Analytics N1QL Query: GROUP BY `dates` base on the given date values

Hi Guys,

I’m wondering if there’s a way in Analytics N1QL query I could GROUP BY dates based on the given date values:
defined dates:

[
  "2020-02-11T00:00:00.000Z",
  "2020-03-25T00:00:00.000Z",
  "2020-04-05T00:00:00.000Z",
  "2020-05-03T00:00:00.000Z",
  "2020-06-09T00:00:00.000Z",
  "2020-07-15T00:00:00.000Z",
  "2020-08-20T00:00:00.000Z",
]

Here is my documents: sales

[
  {
  	"entityId": "territory::0000",
  	"periodAt": "2020-02-01T00:00:00.000Z",
  	"sales": 541.45
  },
 {
  	"entityId": "territory::0000",
  	"periodAt": "2020-02-09T00:00:00.000Z",
  	"sales": 200.11
  },
  {
  	"entityId": "territory::0000",
  	"periodAt": "2020-03-05T00:00:00.000Z",
  	"sales": 41.45
  },
  {
  	"entityId": "territory::0000",
  	"periodAt": "2020-04-05T00:00:00.000Z",
  	"sales": 11.31
  },
 {
  	"entityId": "territory::0000",
  	"periodAt": "2020-05-05T00:00:00.000Z",
  	"sales": 51.31
  },
   {
  	"entityId": "territory::0000",
  	"periodAt": "2020-05-25T00:00:00.000Z",
  	"sales": 31.51
  }
  
]

My goal for this query is to group this by the given/define dates. Even though, there are no documents matched based on the given/defined dates it will still display it.

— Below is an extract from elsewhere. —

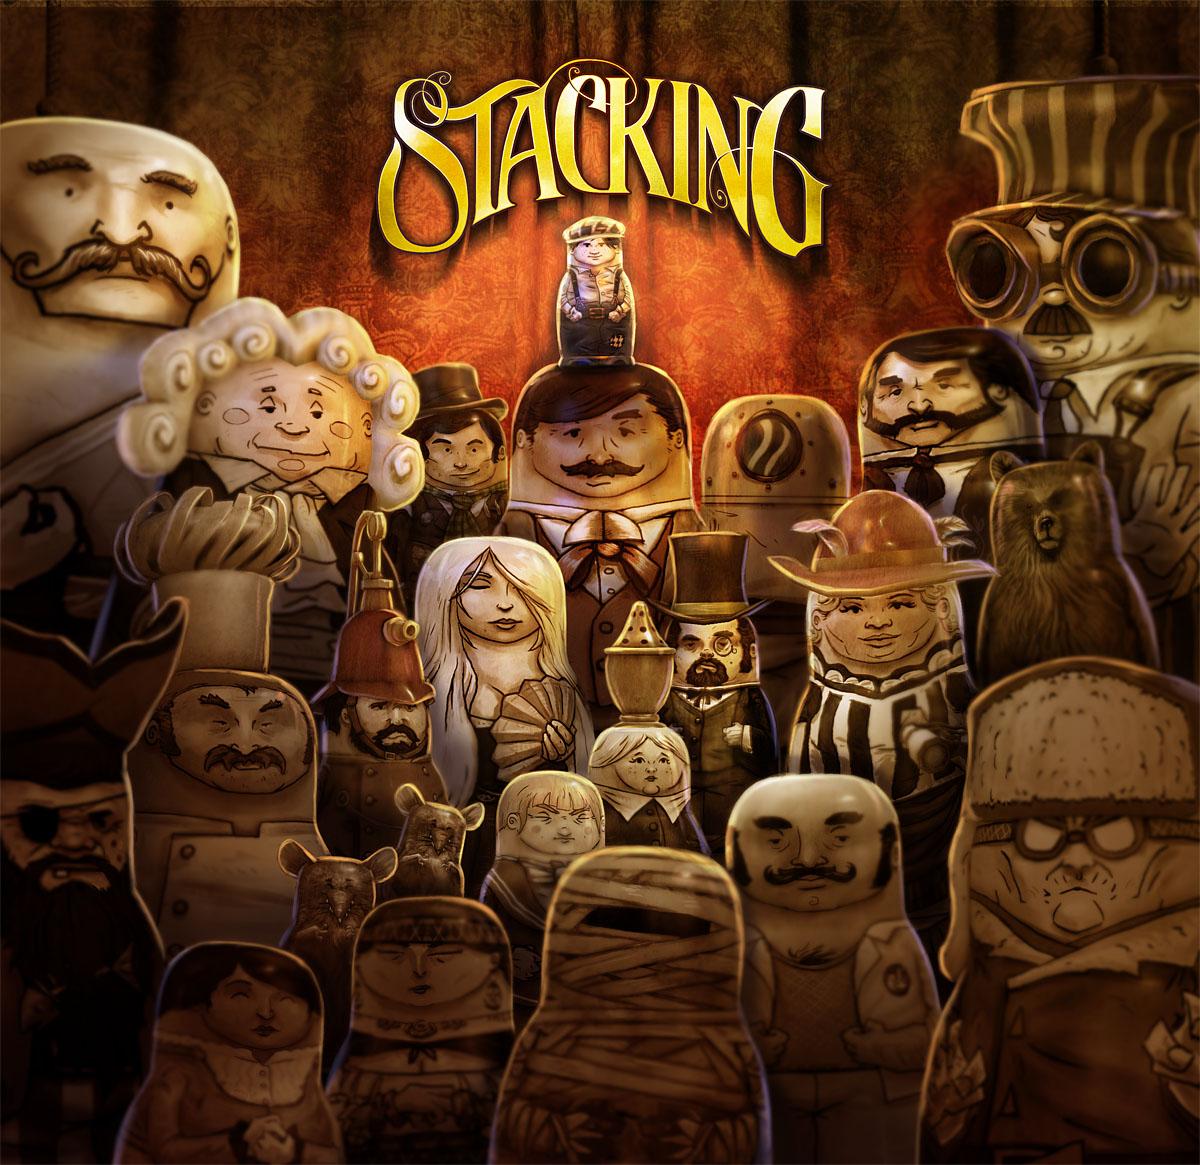 stacking-videogame-artwork-tim-schafer-double-fine-downloadable-xbla-psn

The result I will trying to accomplished is these:

[
  {
  	"month": "Feb",
  	"year": "2020",
  	"totalSales": 741.56
  },
  {
  	"month": "Mar",
  	"year": "2020",
  	"totalSales": 41.45
  },
  {
  	"month": "Apr",
  	"year": "2020",
  	"totalSales": 11.31
  },
  {
  	"month": "May",
  	"year": "2020",
  	"totalSales": 82.82
  },
  {
  	"month": "Jun",
  	"year": "2020",
  	"totalSales": 0
  },
  {
  	"month": "Jul",
  	"year": "2020",
  	"totalSales": 0
  },
  {
  	"month": "Aug",
  	"year": "2020",
  	"totalSales": 0
  }
]

or perhaps it would be better, the grouping of dates are base on periodAt date range:

sa.periodAt BETWEEN '2020-08-01T00:00:00.000Z' AND '2020-08-31T23:59:59.999Z'

Here is my initial query but haven’t luck on the result.

SELECT
     ARRAY_AGG(sa.periodAt) AS periodAt, 
     SUM(sa.sales) AS totalSales
 FROM `company_analytics`.`sales-aggregates` AS sa
 WHERE sa.entityId IN [
"territory::0000",
"territory::0001"
 ]
 AND sa.periodAt BETWEEN '2020-08-01T00:00:00.000Z' AND '2020-08-31T23:59:59.999Z'
 GROUP BY DATE_PART_STR(periodAt,'month')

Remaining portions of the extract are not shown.